The study was conducted from August 2016 - October 2017, in seven cities in South Africa and enrolled a total of 3509 participants. HCV POCT was used for diagnostic testing at research sites. A total of 532 PWUDs/PWIDs, 66 MSM and 115 SWs. Samples with positive HCV tests were sent to the NICD laboratory for confirmation of POCT results using the automated Architect i system for anti-HCV testing. All antibody positive samples were followed up with viral load testing on the automated COBAS® Ampliprep/TaqMan® and genotyping using the Versant HCV genotyping 2.0 Assay. Furthermore, from Cape Town sites, DBS and plasma paired specimens were collected to assess the accuracy of POCT testing and to assess the accuracy of viral testing on DBS. HCV antibody was tested on both DBS and plasma paired samples on the Architect i system. HCV viral loads were tested on paired plasma and DBS samples using the automated COBAS® Ampliprep/TaqMan® 48 analyser. The STARD approach was used in reporting the accuracy of POCT. Sensitivity and specificity, positive predictive and negative predictive values were calculated for antibody tests. For viral load comparison between DBS and plasma, agreement of methods was determined by Linear Regression and Bland Altman plot.

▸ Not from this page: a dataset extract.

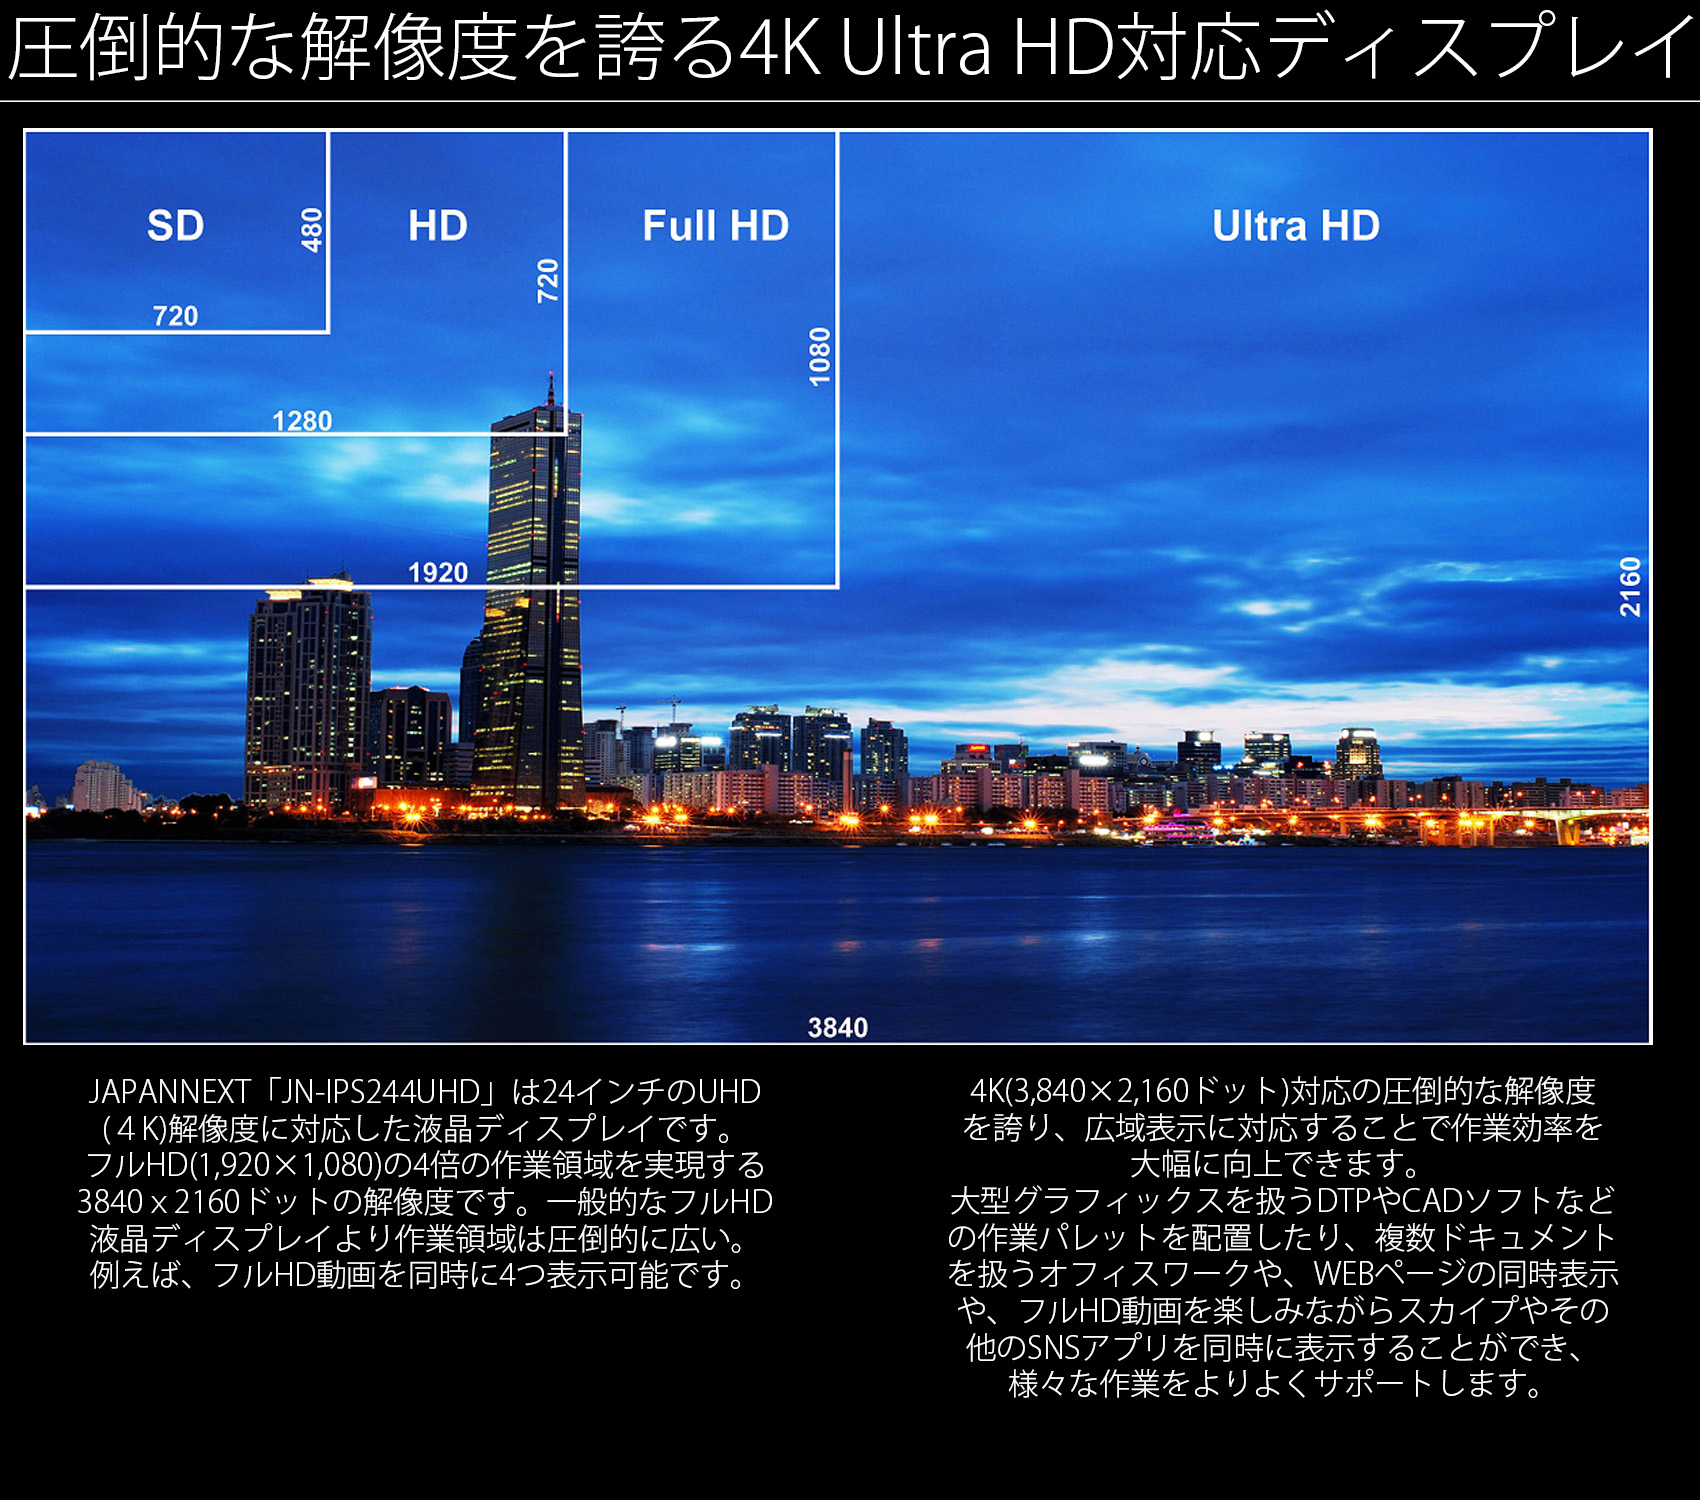 (4K)解像度に対応した液晶ディスプレイです。 フルHD(1,920×1,080)の4倍の作業領域を実現する 3840x2160ドットの解像度です。一般的なフルHD 液晶ディスプレイより作業領域は圧倒的に広い。 例えば、フルHD動画を同時に4つ表示可能です。 4K(3,840×2,160ドット)対応の圧倒的な解像度 を誇り、広域表示に対応することで作業効率を 大幅に向上できます。 大型グラフィックスを扱うDTPやCADソフトなど の作業パレットを配置したり、複数ドキュメント を扱うオフィスワークや、WEBページの同時表示 や、フルHD動画を楽しみながらスカイプやその 他のSNSアプリを同時に表示することができ、 様々な作業をよりよくサポートします。

At the end of the study, 713 plasma samples and 240 DBS were received at the NICD laboratory. Plasma samples (N=705) and DBS (N=239) were tested. HCV POCT testing had a sensitivity of 98.5% and specificity of 97.6%. DBS testing had a sensitivity of 96.3% and specificity of 97.4%. The linear regression was R2=0.918 and there was no difference between methods using the Bland Altman analysis. Viral load on plasma ranged from 1.2 log IU/ml to 7.7 log IU/ml. The prevalent genotypes were genotype 1a (73.93%), 3a (14.79%), and 3 (3.51%).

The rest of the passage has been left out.